No one was injured in the fire. Hall said all five stories of the building were aflame “within four minutes,” and firefighters did not enter the building, but fought the fire entirely from outside.
For the first hour, the mill building stayed mostly intact as flames leaped through scores of large windows. But at 7:40, a four-story extension collapsed, and from that point on, pieces of walls began to crumble around the building.
At about 7:50 p.m., the steeple atop the mill’s bell tower collapsed to the collective gasp of West Warwick, Coventry and Warwick residents who had stood behind yellow police tape, aiming camcorders and camera phones at the spectacular sight.
By 9 p.m., Hall said that the fire had been contained. By 10 p.m., firefighters were aiming their hoses at the mill wall facing Main Street, hoping to keep the wall from collapsing onto the power lines below.
In 2003, the town sold tax title to the 2.6-acre property for $1 to Mill Conversions, LLC of Woonsocket. Work had not yet begun, but $80,000 has been spent on clean up. James R. Alarie, a manager for Mill Conversions, was there last night. He sat grim-faced watching the flames, but said the company would move forward with the condo project.

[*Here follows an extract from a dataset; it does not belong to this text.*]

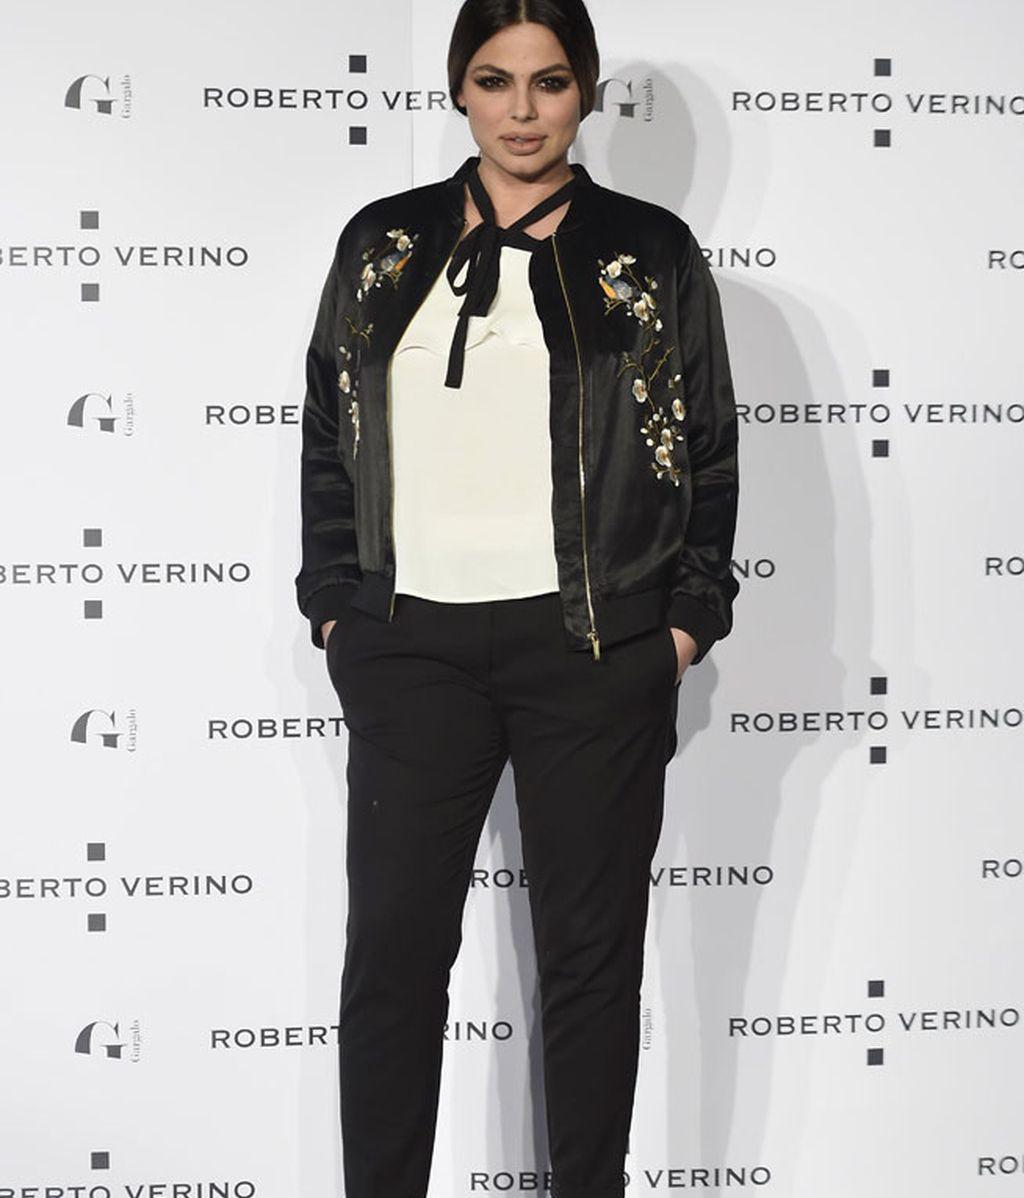 Marisa Jara con chaqueta negra satinada bordada

Some local officials had already expressed concerns that the company would not develop the entire property, after it requested permission to subdivide the land and develop six condos in a building next to the main structure that burned Wednesday. That building survived the fire. The day of the fire, a Mill Conversions representative had met with Town Manager Wolfgang Bauer, who asked the company to place money in an escrow account to pay for the potential demolition of the mill and the construction of a riverside park, in case the company abandoned the project.
Mill Conversions specializes in transforming old mills, as it did in a similar project in Woonsocket, where the company is based. In a letter proposing the Phenix Mill project, in 2003, Alarie emphasized that the company hoped to retain the mill’s original appearance.